Stored items
◇ ◇ ◇ ◇ ◇ ◇ ◇

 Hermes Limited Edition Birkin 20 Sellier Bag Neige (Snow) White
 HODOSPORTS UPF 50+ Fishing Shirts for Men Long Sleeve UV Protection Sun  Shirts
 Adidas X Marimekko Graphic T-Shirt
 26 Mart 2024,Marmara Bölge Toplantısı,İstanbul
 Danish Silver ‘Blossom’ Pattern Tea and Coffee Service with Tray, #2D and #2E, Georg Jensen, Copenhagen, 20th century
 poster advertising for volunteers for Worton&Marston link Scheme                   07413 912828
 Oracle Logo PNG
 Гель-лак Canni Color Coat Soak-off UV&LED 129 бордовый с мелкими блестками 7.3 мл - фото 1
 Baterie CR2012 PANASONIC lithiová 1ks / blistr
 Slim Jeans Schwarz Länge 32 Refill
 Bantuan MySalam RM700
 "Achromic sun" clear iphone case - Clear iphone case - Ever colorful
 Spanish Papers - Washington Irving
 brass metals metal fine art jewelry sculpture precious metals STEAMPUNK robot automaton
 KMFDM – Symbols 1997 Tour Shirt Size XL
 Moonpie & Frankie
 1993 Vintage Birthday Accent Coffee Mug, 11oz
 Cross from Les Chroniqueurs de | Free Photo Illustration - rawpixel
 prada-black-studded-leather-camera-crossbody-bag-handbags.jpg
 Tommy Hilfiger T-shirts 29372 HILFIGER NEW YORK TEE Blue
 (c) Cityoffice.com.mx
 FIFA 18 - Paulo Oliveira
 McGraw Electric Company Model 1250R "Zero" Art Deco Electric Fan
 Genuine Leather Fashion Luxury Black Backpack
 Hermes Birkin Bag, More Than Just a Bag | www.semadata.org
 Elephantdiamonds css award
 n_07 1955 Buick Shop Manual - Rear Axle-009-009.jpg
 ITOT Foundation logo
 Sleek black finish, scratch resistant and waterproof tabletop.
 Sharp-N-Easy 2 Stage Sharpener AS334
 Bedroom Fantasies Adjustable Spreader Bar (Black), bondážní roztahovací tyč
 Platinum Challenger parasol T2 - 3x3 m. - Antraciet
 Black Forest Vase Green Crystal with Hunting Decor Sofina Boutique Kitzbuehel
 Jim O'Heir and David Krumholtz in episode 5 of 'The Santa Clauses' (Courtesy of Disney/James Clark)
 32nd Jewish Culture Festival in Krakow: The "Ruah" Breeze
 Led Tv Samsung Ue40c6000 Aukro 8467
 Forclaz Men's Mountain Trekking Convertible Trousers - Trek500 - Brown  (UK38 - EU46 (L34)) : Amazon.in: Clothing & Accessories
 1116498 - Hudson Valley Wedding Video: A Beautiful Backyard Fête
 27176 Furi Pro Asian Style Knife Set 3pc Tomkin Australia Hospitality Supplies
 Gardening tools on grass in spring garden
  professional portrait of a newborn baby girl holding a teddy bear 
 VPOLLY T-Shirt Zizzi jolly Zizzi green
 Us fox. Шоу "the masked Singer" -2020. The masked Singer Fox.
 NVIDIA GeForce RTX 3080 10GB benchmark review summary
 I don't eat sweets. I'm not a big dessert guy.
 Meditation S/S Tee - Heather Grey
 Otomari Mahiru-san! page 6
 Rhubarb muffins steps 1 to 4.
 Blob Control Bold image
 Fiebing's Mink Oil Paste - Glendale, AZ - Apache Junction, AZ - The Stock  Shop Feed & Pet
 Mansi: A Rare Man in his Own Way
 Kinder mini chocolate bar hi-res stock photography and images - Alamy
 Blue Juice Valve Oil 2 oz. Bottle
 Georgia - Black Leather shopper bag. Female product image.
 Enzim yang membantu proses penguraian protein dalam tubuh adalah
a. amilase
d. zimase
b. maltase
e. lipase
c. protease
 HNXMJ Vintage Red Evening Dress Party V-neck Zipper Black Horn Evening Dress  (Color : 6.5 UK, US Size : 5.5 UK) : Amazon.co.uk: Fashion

◇ ◇ ◇ ◇ ◇ ◇ ◇

Work item → Return only the exact lines from the opening of the records through the line that contains "26 Mart 2024,Marmara", both included.

Solution to the exercise →
 Hermes Limited Edition Birkin 20 Sellier Bag Neige (Snow) White
 HODOSPORTS UPF 50+ Fishing Shirts for Men Long Sleeve UV Protection Sun  Shirts
 Adidas X Marimekko Graphic T-Shirt
 26 Mart 2024,Marmara Bölge Toplantısı,İstanbul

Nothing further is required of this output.